PyPI version Python 3.8+ License: Apache 2.0 Code style: black

A Python package for actuarial risk modeling and simulation.

Features

  • Frequency-Severity Simulation: Monte Carlo modeling of aggregate losses using configurable frequency and severity distributions (Poisson, lognormal, gamma, Pareto, and more)
  • Synthetic Claim Generation: Produce policy and claim level datasets for testing, benchmarking, and stress-testing actuarial workflows when real data is limited or restricted
  • Distribution Fitting: Fit, compare, and diagnose candidate distributions against observed data with built-in goodness-of-fit testing
  • Claim Development: Project claims through time using loss development factors, with native support for accident-year and development-age structures
  • Risk Metrics: Compute mean, percentiles, VaR, TVaR, AEP, and OEP from simulated loss distributions
  • Chainladder Integration: Convert simulated claims into triangle format for reserving, IBNR estimation, and ultimate loss projection using the chainladder package
  • Reproducibility: Seed-controlled simulations and transparent validation tools designed to meet open-source and CAS review standards
  • Python-Native: Built on ActStats, NumPy, pandas, and SciPy for seamless integration with the modern data science and actuarial analytics stack

Installation

From PyPI (recommended)

pip install ActSim

From Source

git clone https://github.com/jzhng105/ActSim.git
cd ActSim
pip install -e .

Development Installation

git clone https://github.com/jzhng105/ActSim.git
cd ActSim
pip install -e .[dev]

Quick Start

from ActSim import load_config, DistributionFitter
from actstats import actuarial as act

# Load configuration
config = load_config()

sev_data = act.lognormal(0.5,0.2).rvs(size=10000)
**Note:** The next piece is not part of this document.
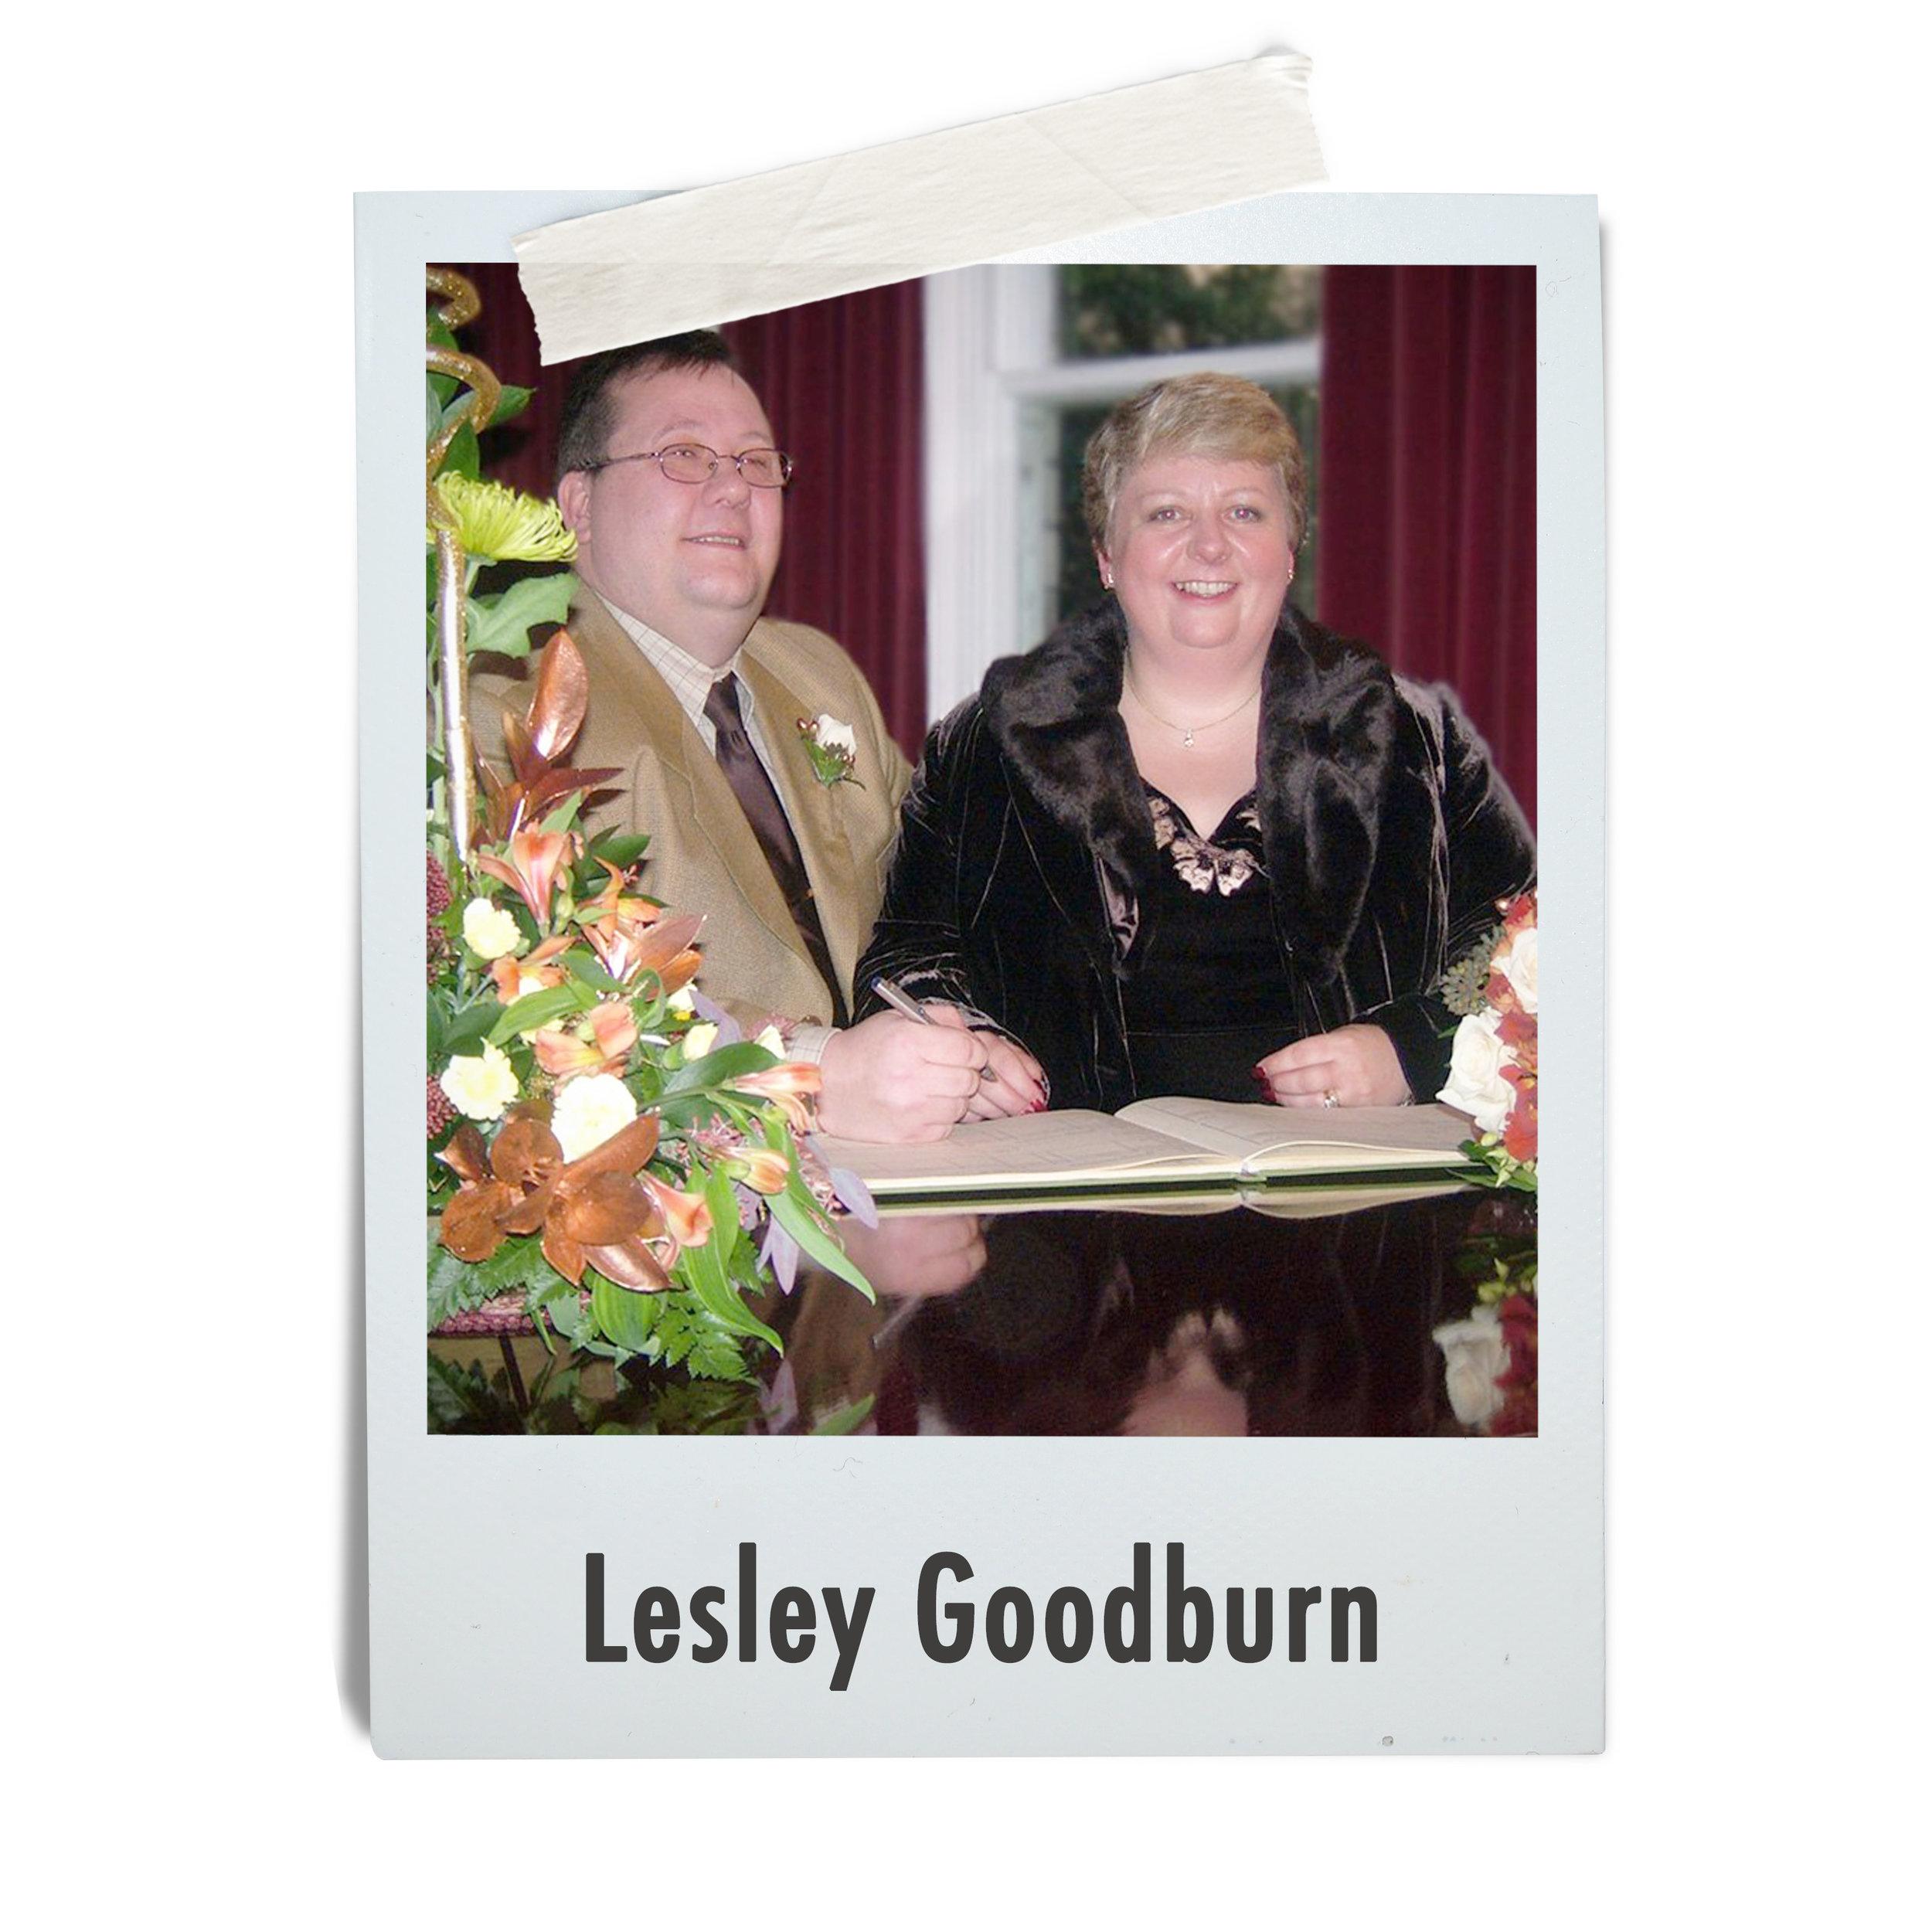 Lesley Goodburn

#############################
###### Fit Severity #########
#############################
# User specifies distributions and metrics 
distribution_names = config.distributions['severity']
metrics = config.metrics

sev_fitter = actfitter(sev_data, distributions=distribution_names, metrics=metrics)
sev_fitter.fit()
sev_fitter.best_fits
sev_fitter.selected_fit

Documentation

Features in Detail

Configuration Management

# Initialize fitter with config file
config = load_config()

Fit Distributions

# ---------------------------------------------
# Import required modules
# ---------------------------------------------
from ActSim import load_config, DistributionFitter
from actstats import actuarial as act

# ---------------------------------------------
# 1. Generate Example Data
# ---------------------------------------------
# Severity data: Using lognormal distribution with mu=0.5 and sigma=0.2
sev_data = act.lognormal(0.5, 0.2).rvs(size=10000)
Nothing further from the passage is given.